Opinión | COLABORACIÓN

Pesadilla en la cocina

Hasta la instauración del régimen independentista catalán, un currito castellanoparlante era consciente de que no corría riesgo de ser detenido por la brigada de estupefacientes si trabajaba en un restaurante cuyo reclamo publicitario fuese «pruebe nuestra irresistible coca « o su especialidad los porros gratinats. Hoy, en las cocinas catalanas, llamar arroz al arròs, aceituna a la oliva y espinacas a espinacs es causa de despido fulminante por «no parla català», como desgraciadamente ha experimentado en sus carnes Manuel Escribano, un cocinero cordobés a quien diecisiete años llenando el buche del politiqueo barcelonés no le han servido para conservar su trabajo. Por lo visto, para cocinar en Cataluña ya no se exige el carnet de manipulador de alimentos; basta con el de la Academia de la Lengua catalana.

Esto de jugar con las cosas de comer y el pan de los hijos se está convirtiendo por aquellos lares en práctica habitual, y hasta a un clarinetista de la Banda Municipal de Barcelona lo han mandado a freír espárragos por no soplar el instrumento en catalán. Parece que el nuevo alcalde de la Ciudad Condal alterna sus gustos musicales entre Gaby, Fofó y Miliki ( « si toco el clarinete, ¡teré-teré-terete! «) y Antonio Molina («cocinero, cocinero, aprovecha la ocasión, que el futuro es muy oscuro»). Ahora que tenemos a los chefs televisivos hasta en la sopa, llama la atención su silencio y que les importe un pimiento el despido discriminatorio de un compañero, máxime cuando, si de lenguaje hablamos, a su mayor exponente - Ferra Adrià - no hay quien le entienda una palabra. Tampoco han montado ningún pollo los representantes sindicales, y eso que tienen mucho que agradecer a un gremio que cuece con tanto esmero el marisco.

Temo que el odio a todo lo español pronto alcance la carta de los restaurantes, y el medio menú en la Diagonal sea obligatoriamente ensaladilla rusa -como guiño a las amistades de Puigdemont- y crema catalana.
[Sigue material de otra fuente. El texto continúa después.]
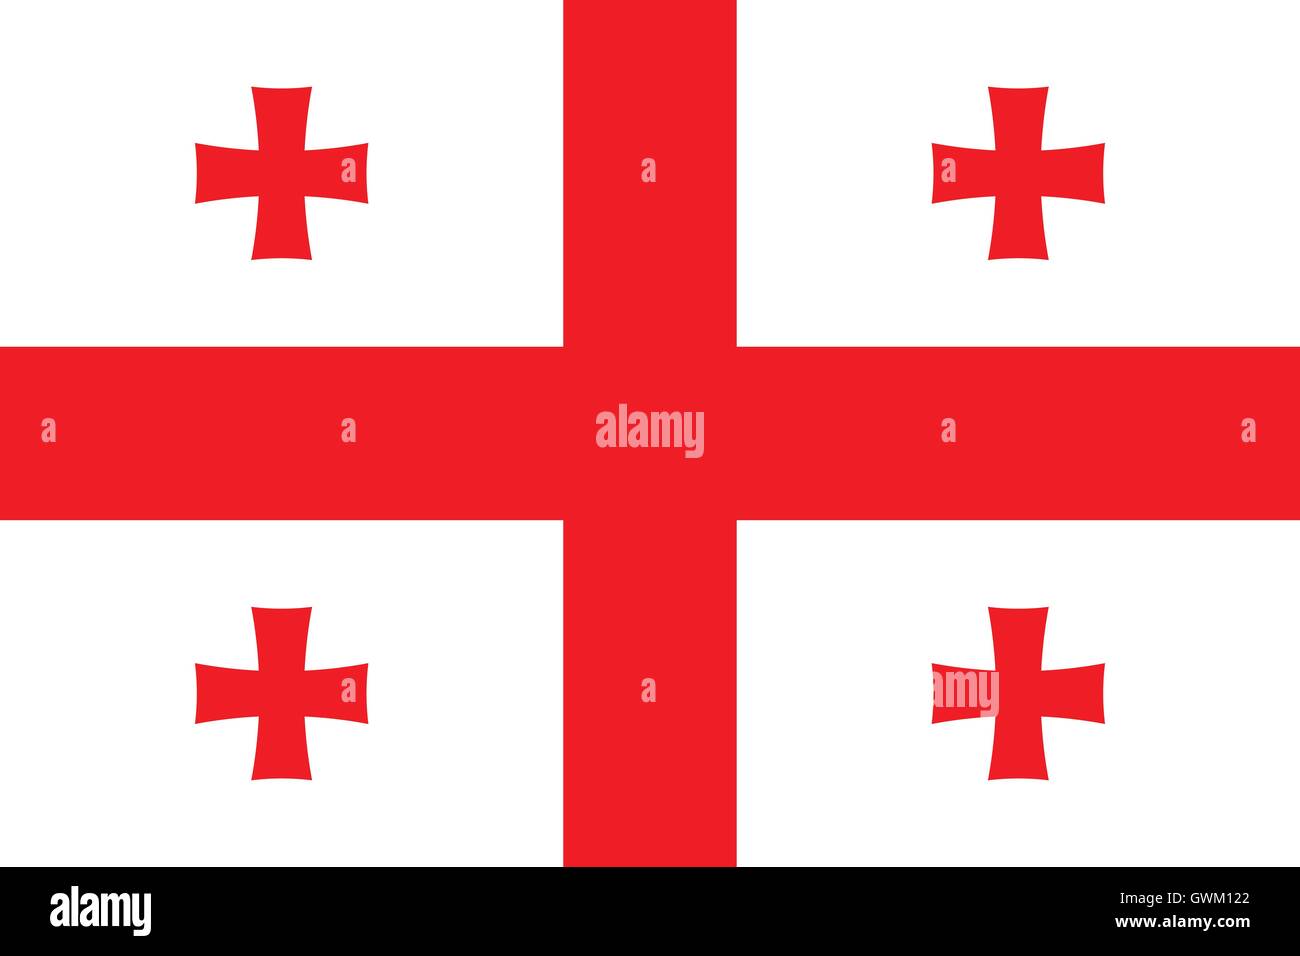 Georgia flag, Five Cross Flag, official colors and proportion, accurate vector illustration. Stock Vector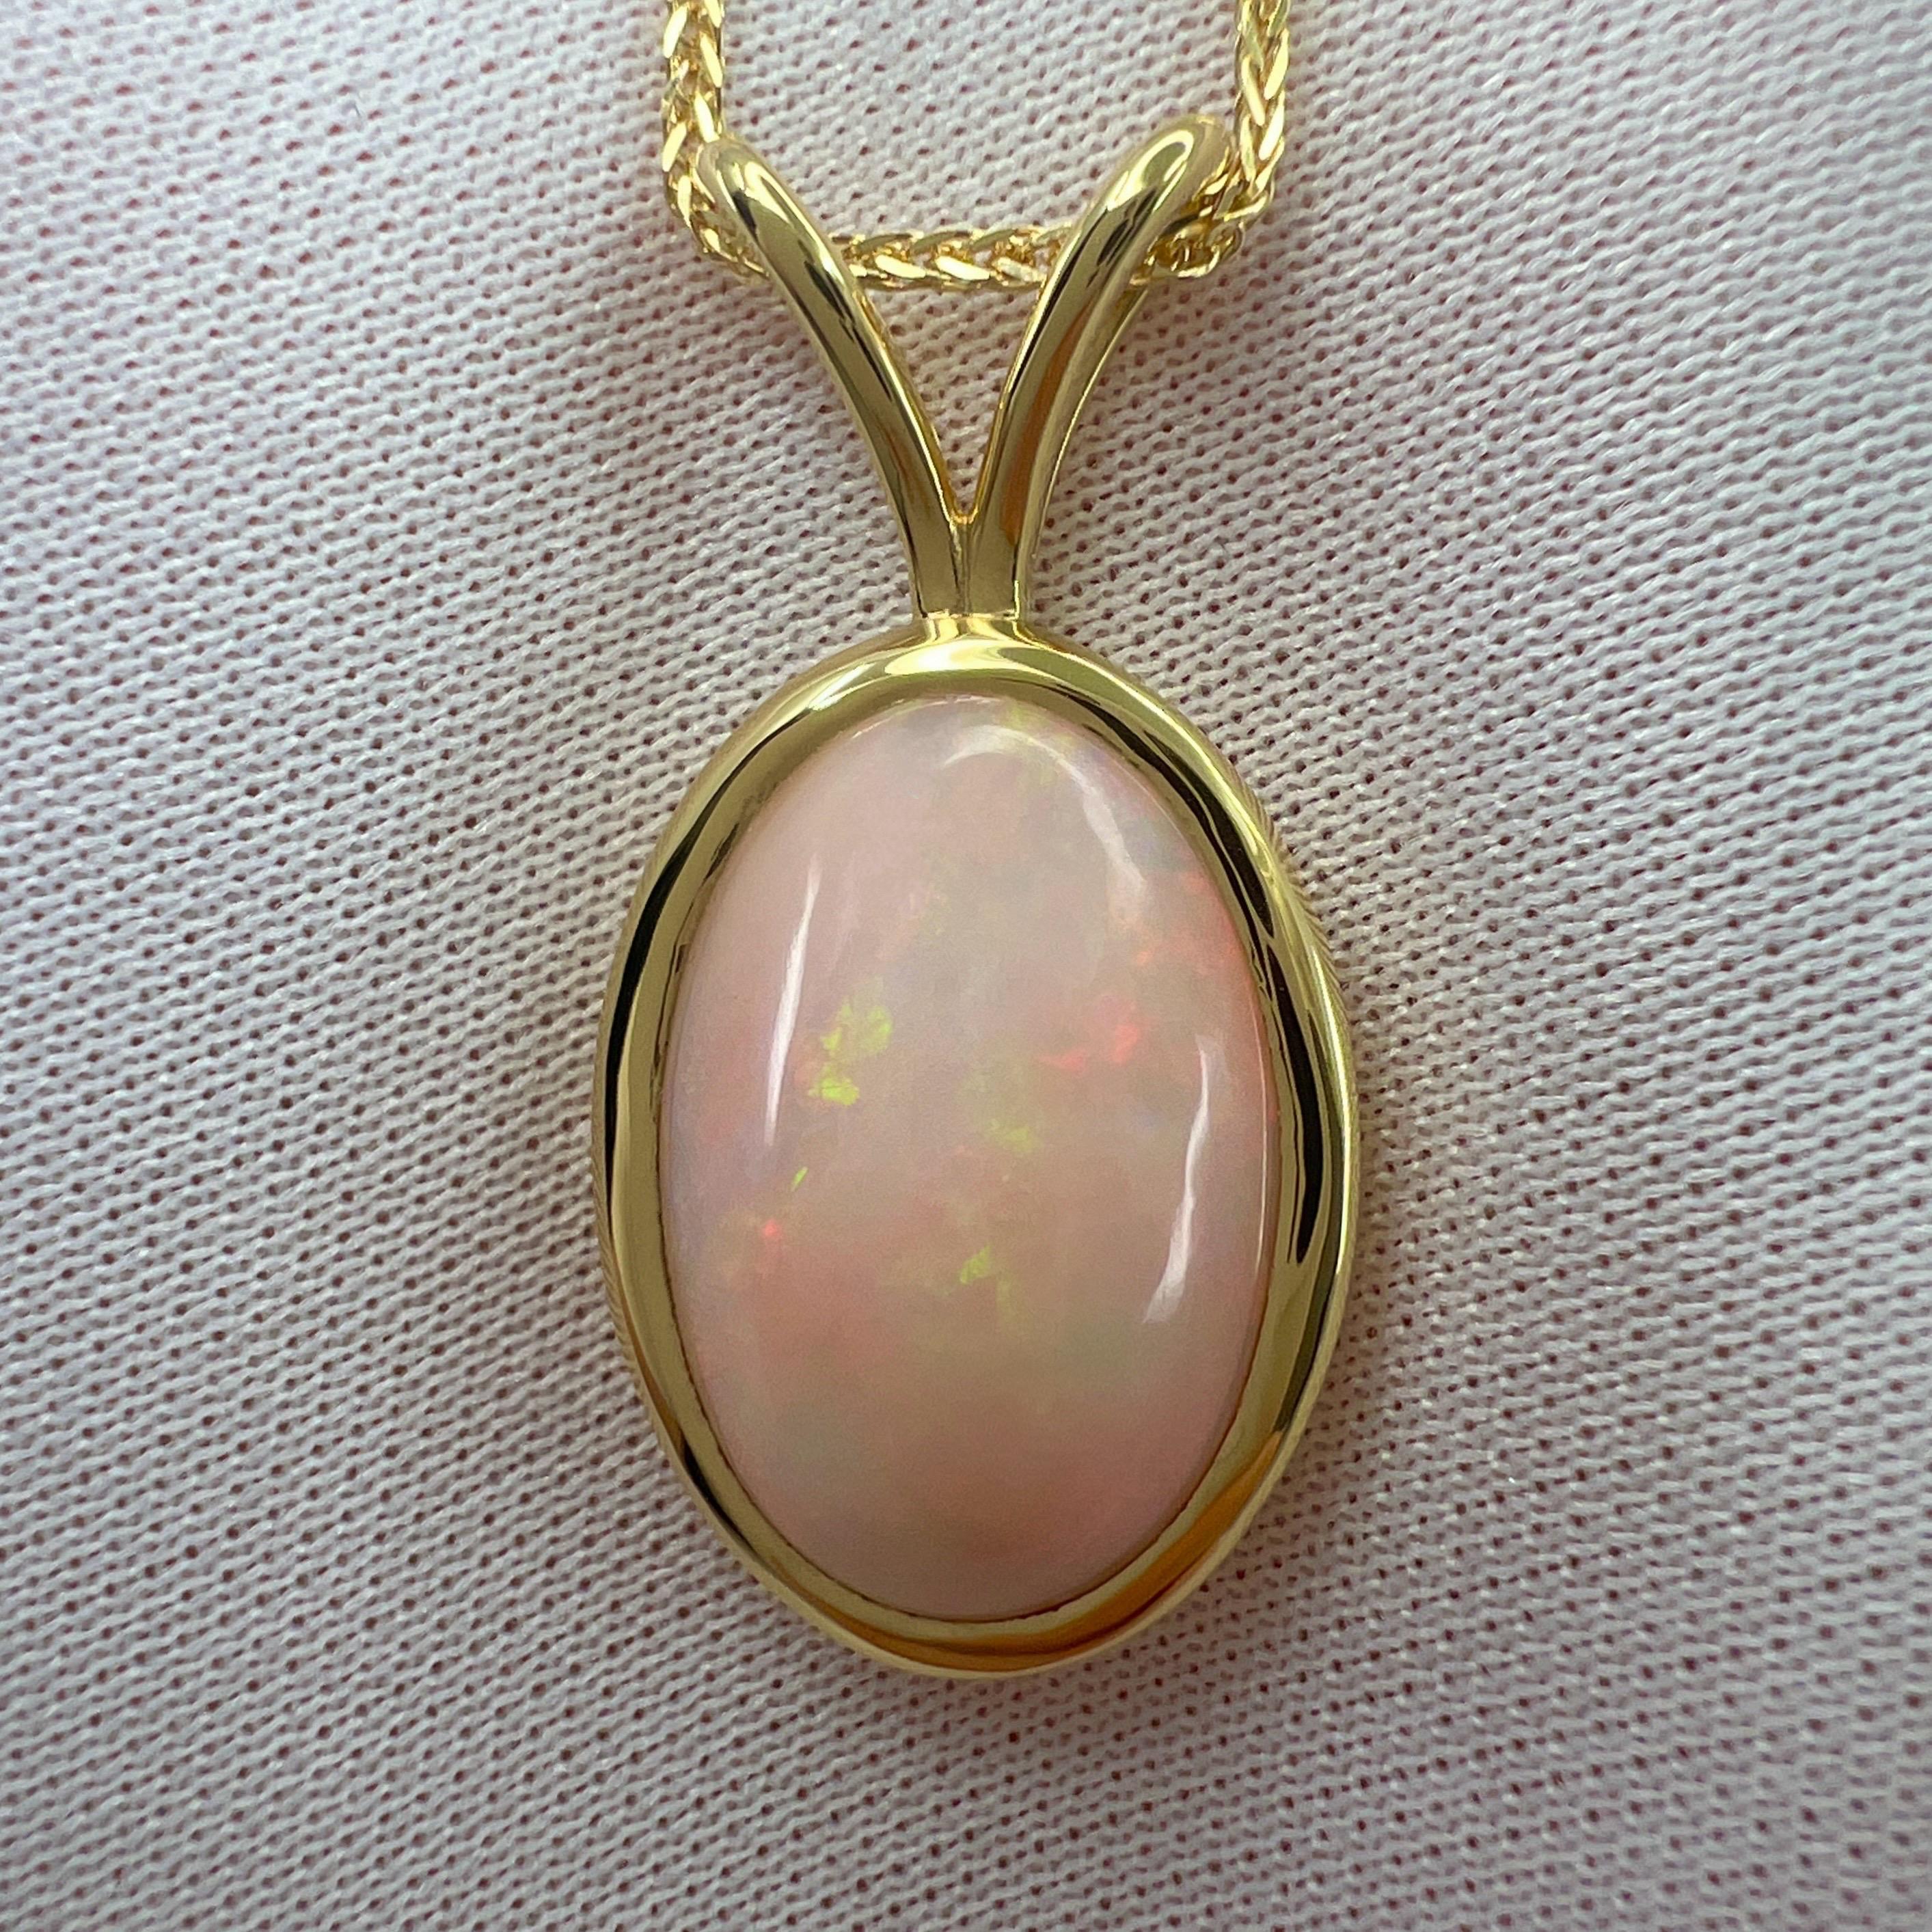 6.15ct Fine White Opal Oval Cabochon 18k Yellow Gold Bezel Pendant Necklace For Sale 2

Sin duda que este dislate gastronómico empobrecerá la dieta de los catalanes, pero según Mireia Palafrugell Barberá -simpática portavoz de la asociación ampurdanesa contra la cocina invasora- a falta de pan buenas son tortas; lo que no sabe aún es que se las están dando en su cara y con la mano abierta. Más moderado, Andreu Puig i Puig -vicepresidente de la plataforma ilerdense para la defensa de la merluza autóctona- está ideando un lenguaje de signos para aludir, sin citar su procedencia, al cocido madrileño, la paella valenciana o el salmorejo cordobés, pero anda convaleciente por culpa de la orquitis que le produjo su empeño en pedir a todas horas huevos pasados por agua. Decía Julio Camba que «el inglés es un hombre que come por necesidad, mientras que el francés come por placer»; hoy pareciera que el catalán lo hace por ideología política.

Quienes realmente cortan el bacalao en España nos la están dado con queso, y sospecho que va a resultar difícil darle la vuelta a la tortilla. Sin ir más lejos, el próximo año las estrellas que premian a los mejores restaurantes las decidirá Oriol Junqueras; bien mirado, de michelines sabe un rato.